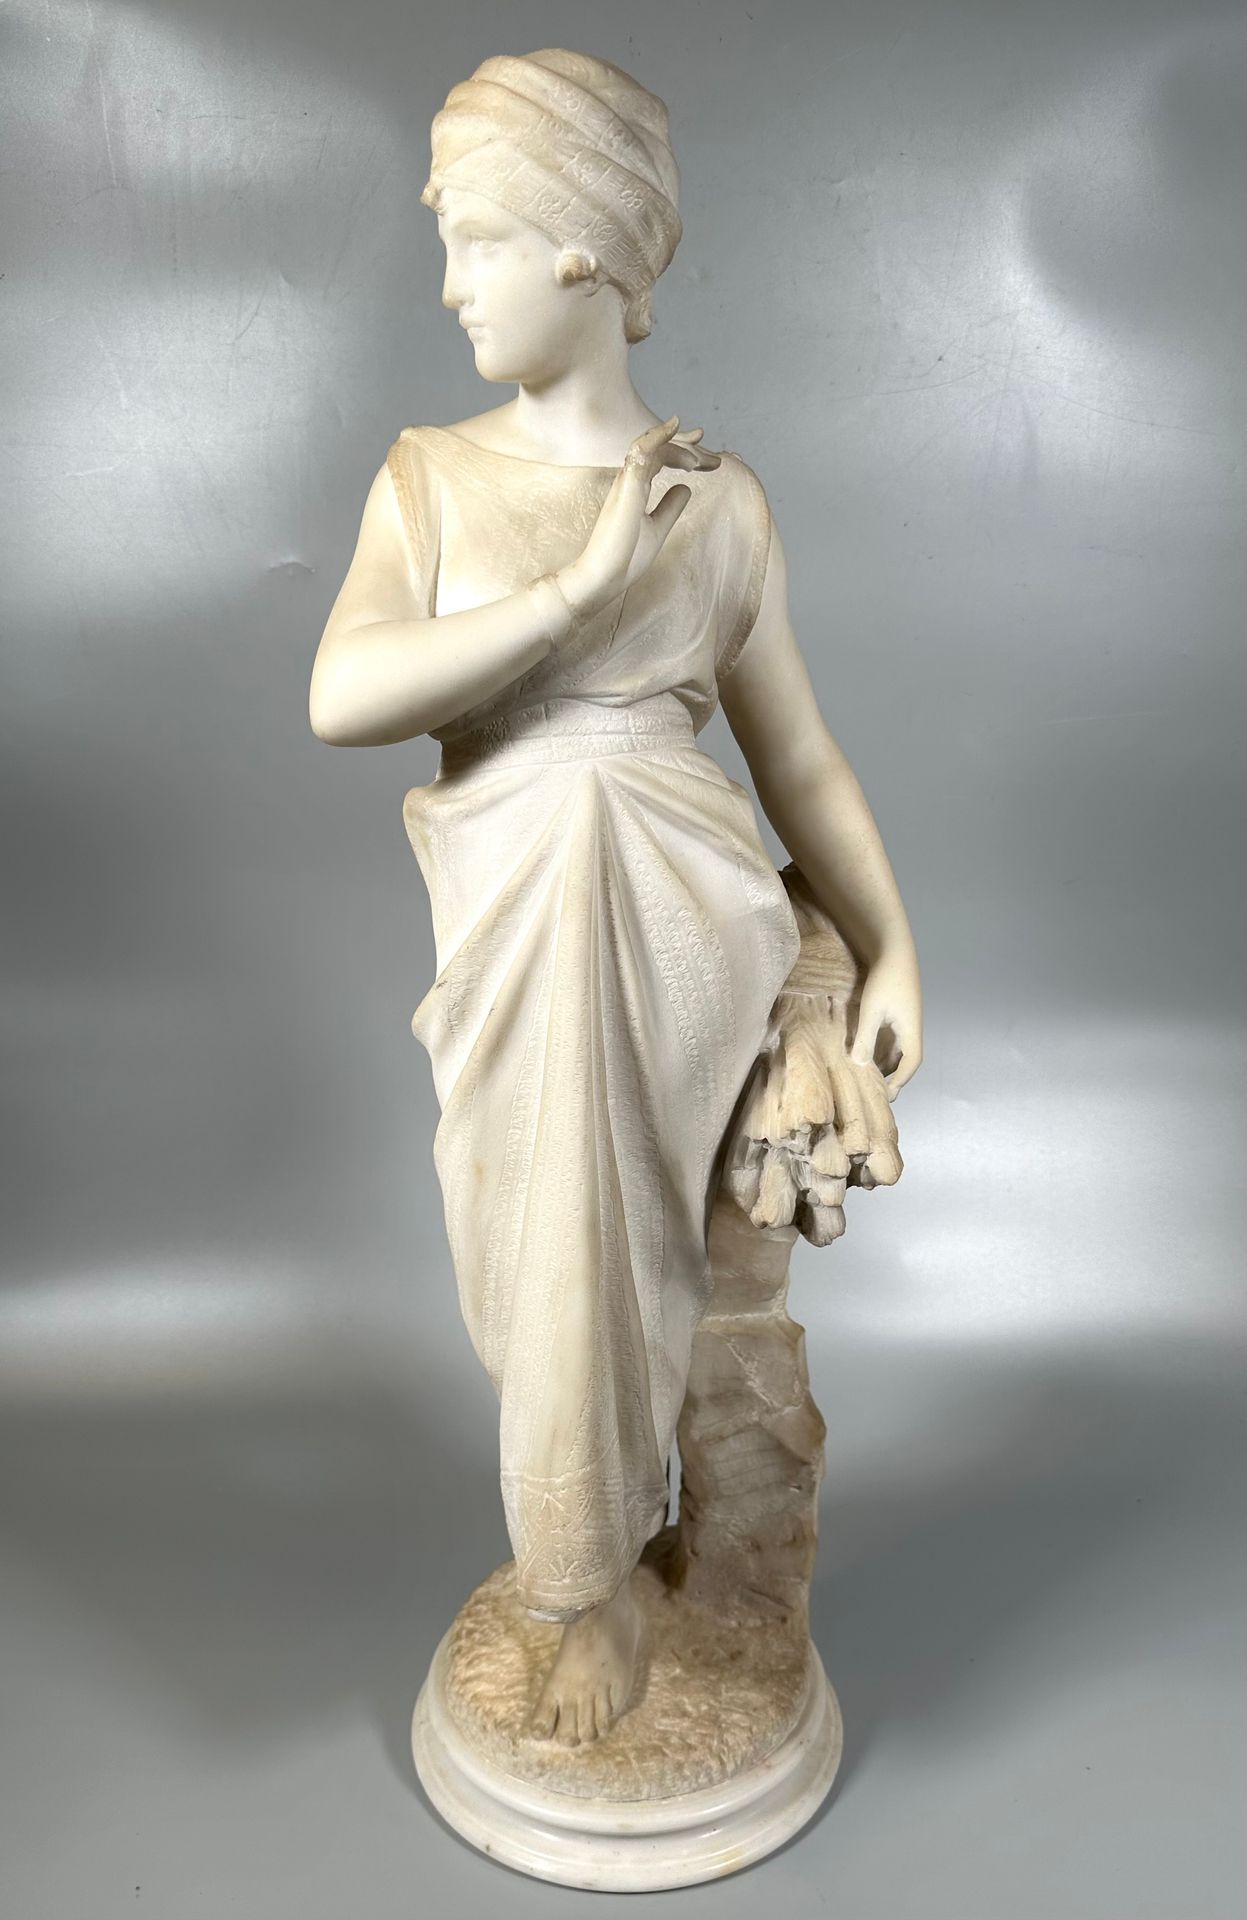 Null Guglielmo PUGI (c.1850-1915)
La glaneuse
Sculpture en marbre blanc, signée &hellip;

# Required action
The data above must be reproduced exactly, without any of its pictures.

# Written answer
 Null Guglielmo PUGI (c.1850-1915)
La glaneuse
Sculpture en marbre blanc, signée &hellip;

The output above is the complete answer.